31 de Octubre del 2011 - Víctor Alberto Fernández Álvarez (Avilés)

No es grato tratar ni con la enfermedad ajena ni con la vejez. Menos aún con una mezcla de ambas. Si se ha de convivir con ellas debido al parentesco con quien las padece, los compromisos morales y las razones afectivas hacen más llevaderos los achaques físicos, la dependencia absoluta del otro, su falta de humor, las quejas reiteradas, el pesimismo permanente, el abandono, a la deriva, hacia el otro mundo... Cuando a todo esto hay que hacerle frente por meros motivos profesionales, y además todos los días, las fuerzas para conseguirlo son mucho más difíciles de encontrar y hacerlo es algo casi heroico.

Durante casi cinco años mi abuela, anciana y enferma, acudió de manera regular al Hospital de Día del Hospital San Agustín de Avilés. Ella, en su situación, no presentaba un comportamiento muy distinto al descrito anteriormente. Y, en su condición de enferma, y mis padres en la de acompañantes, tuvieron que pasar muchas, muchas horas junto al personal sanitario de esa unidad. Personal que no estaba obligado más que a ayudarla a subir y bajar de la silla de ruedas, a acostarla, a aplicarle el tratamiento y despedirla hasta la próxima sesión, lo cual, no es poco en sí. La cháchara espontánea, las palabras de ánimo, las carantoñas en los peores momentos de dolor o desasosiego o desánimo, el cariño, en definitiva, sólo lo dispensa quien lo lleva dentro y está predispuesto a entregarlo: el sueldo que cobra no obliga a nadie a ello.

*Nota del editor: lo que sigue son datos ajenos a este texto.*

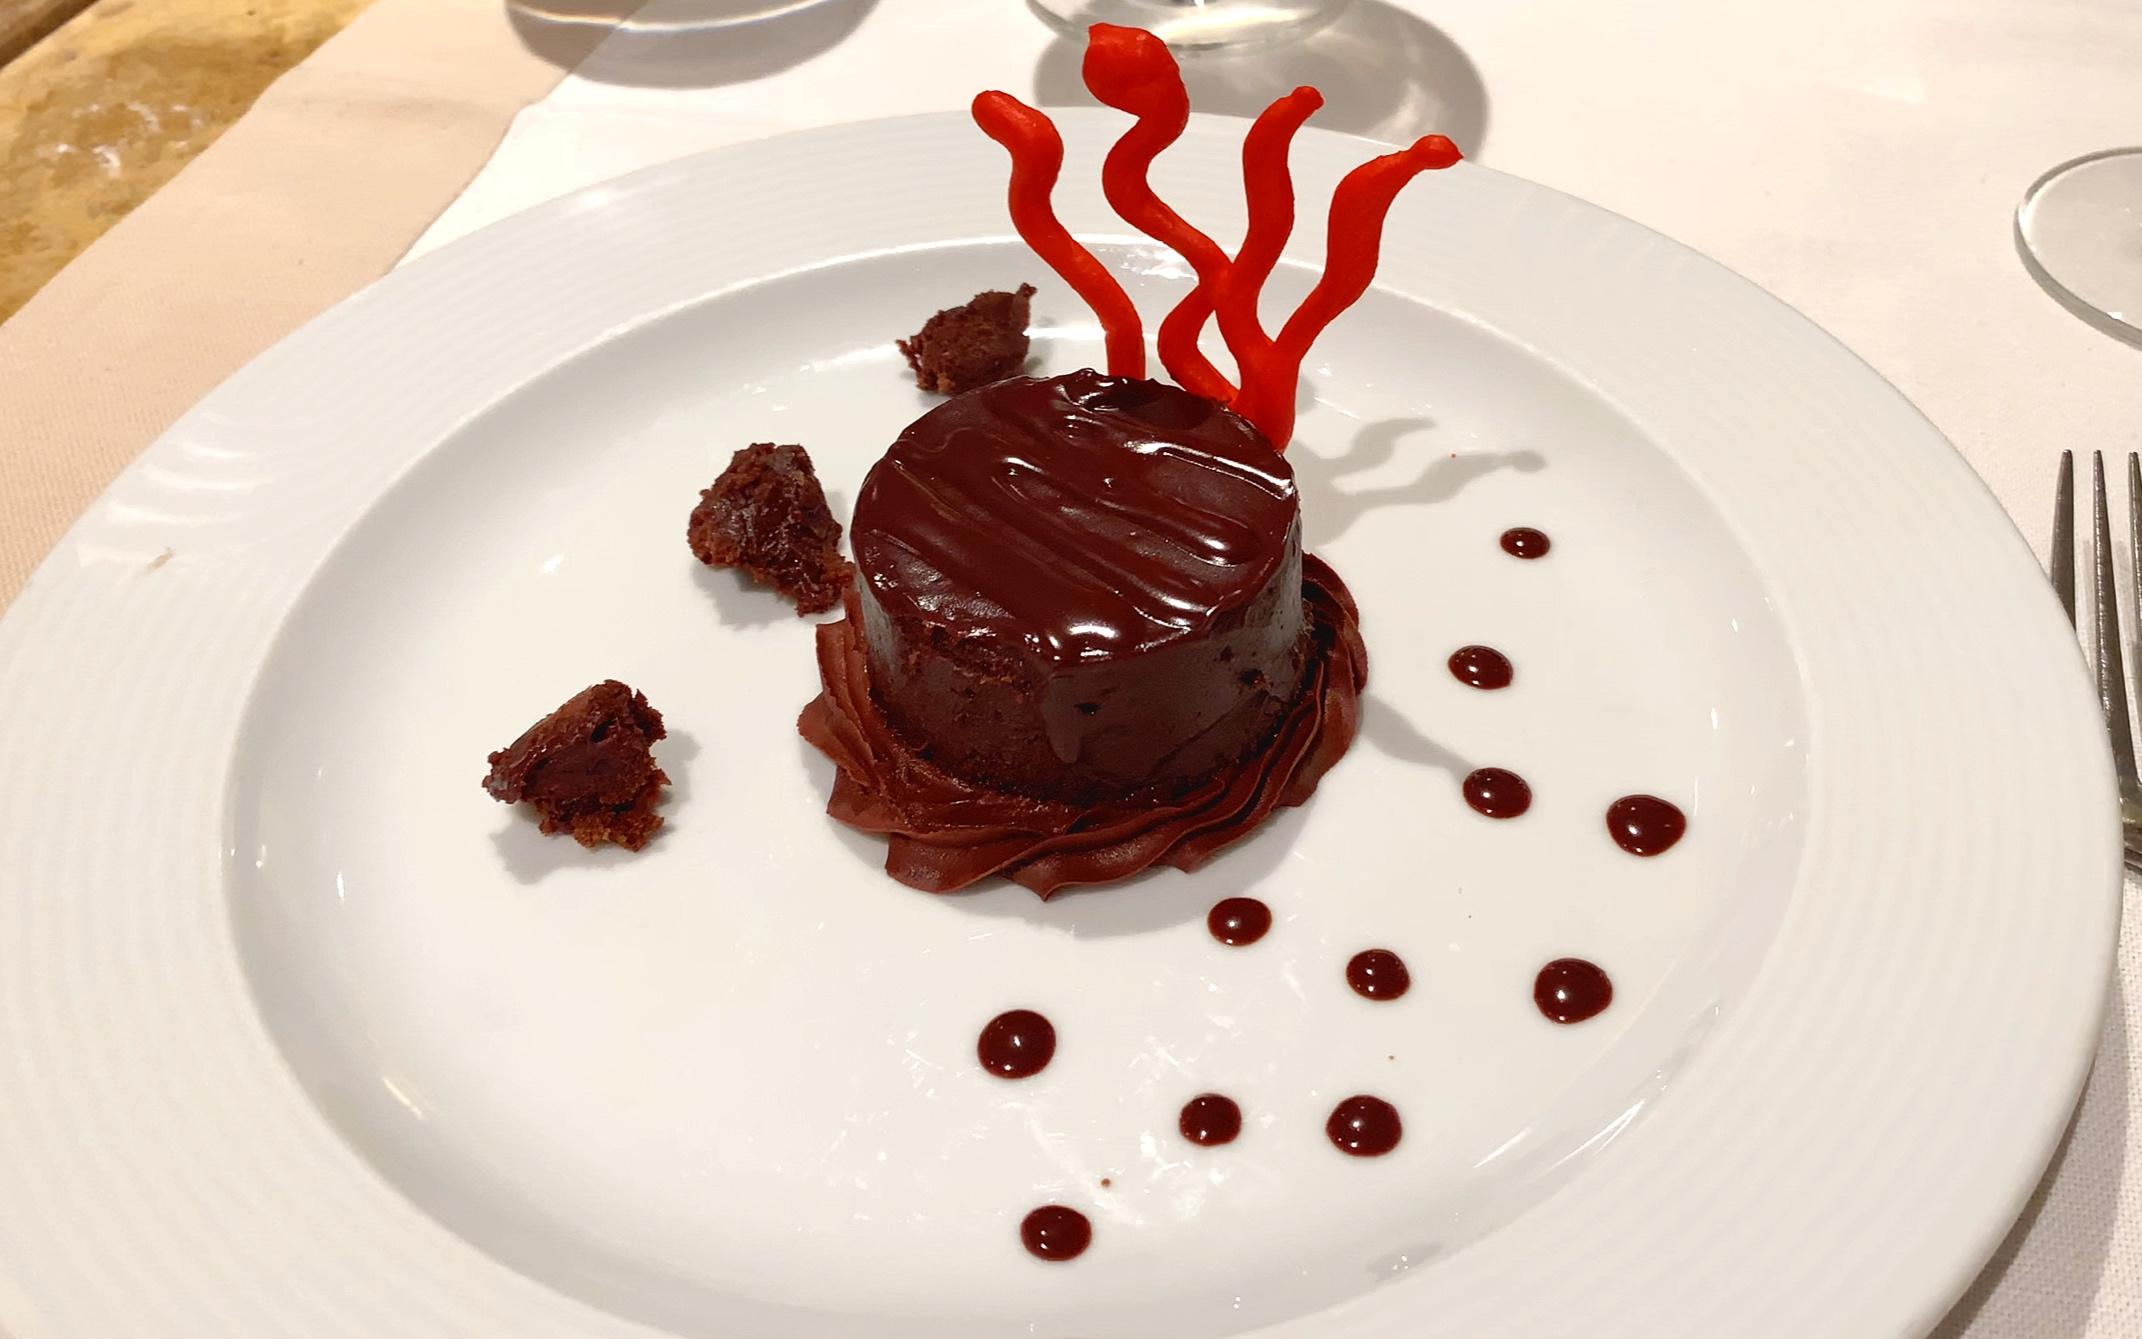 Delicious chocolate dessert.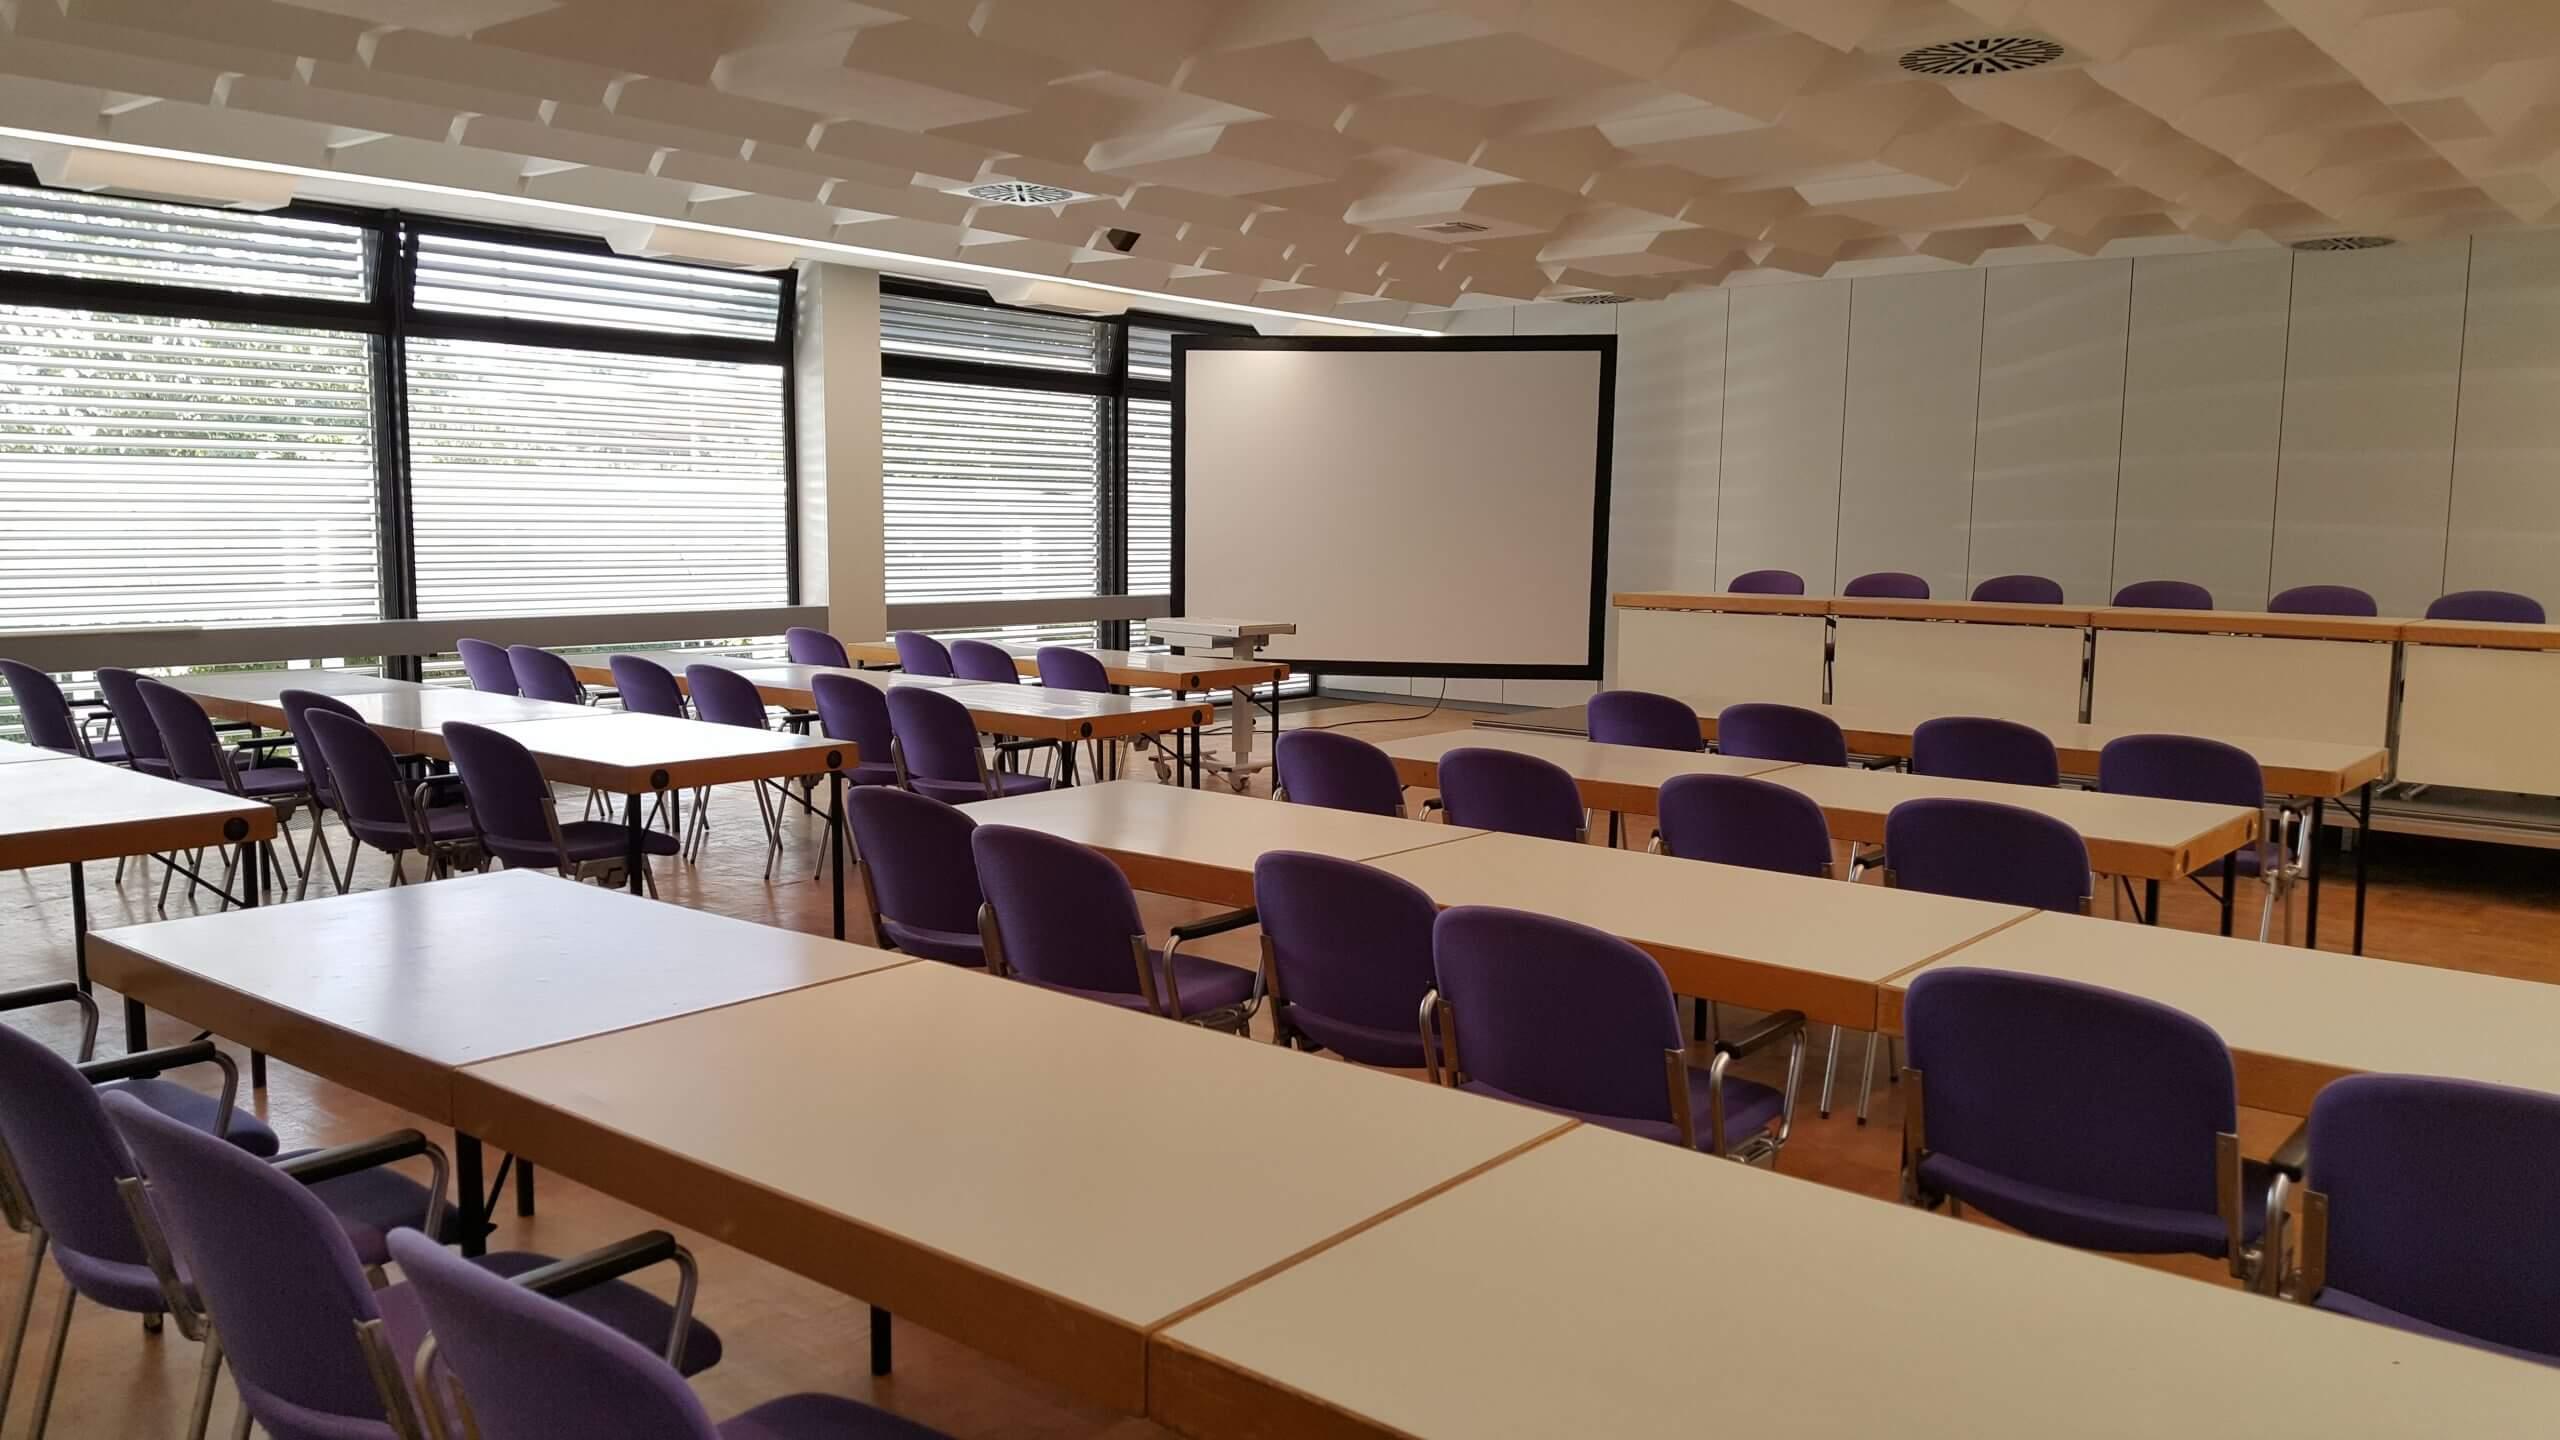 Saal 1 in der Saarlandhalle in Reihenbestuhlung mit Vorstandstisch und Leinwand

En el Hospital de Avilés tuvimos la inmensa fortuna de encontrar a una plantilla que, en su totalidad, y durante meses, se comportó de esa manera tan ejemplar: difícilmente podríamos haber topado con profesionales que mejor representaran el ejemplo que he descrito antes, regalando comprensión, humor y afecto a mi abuela y a quienes la acompañaban.

Y si el comportamiento en general de todo ese personal será para nosotros algo que no vamos a olvidar, no podemos decir menos de la actitud de los dos doctores que siguieron las evoluciones de mi abuela. En primer lugar José Siro, el cual le diagnosticó la enfermedad en su inicio y nos guio a la hora de afrontar la noticia como si de un amigo se tratase: simplemente una persona extraordinaria. Y, durante el largo tratamiento, el doctor Jesús Medina, un médico que se enfrentó a la enfermedad irreversible con una convicción tan enérgica y contagiosa que uno salía de su consulta creyendo aún en el milagro (aunque fuese un milagro inútil), y que, si hubiese sido hijo de mi abuela, no creo que la hubiese tratado con mayor tacto y sincero afecto, incluso tras la última revisión, cuando el desenlace ya estaba claramente a la vuelta de la esquina.

En el nombre de mi abuela, Ángeles Fernández, (ella no era muy amiga de manifestaciones afectuosas) gracias de corazón a todos. Y, en especial, muy en especial, gracias a ustedes, doctores.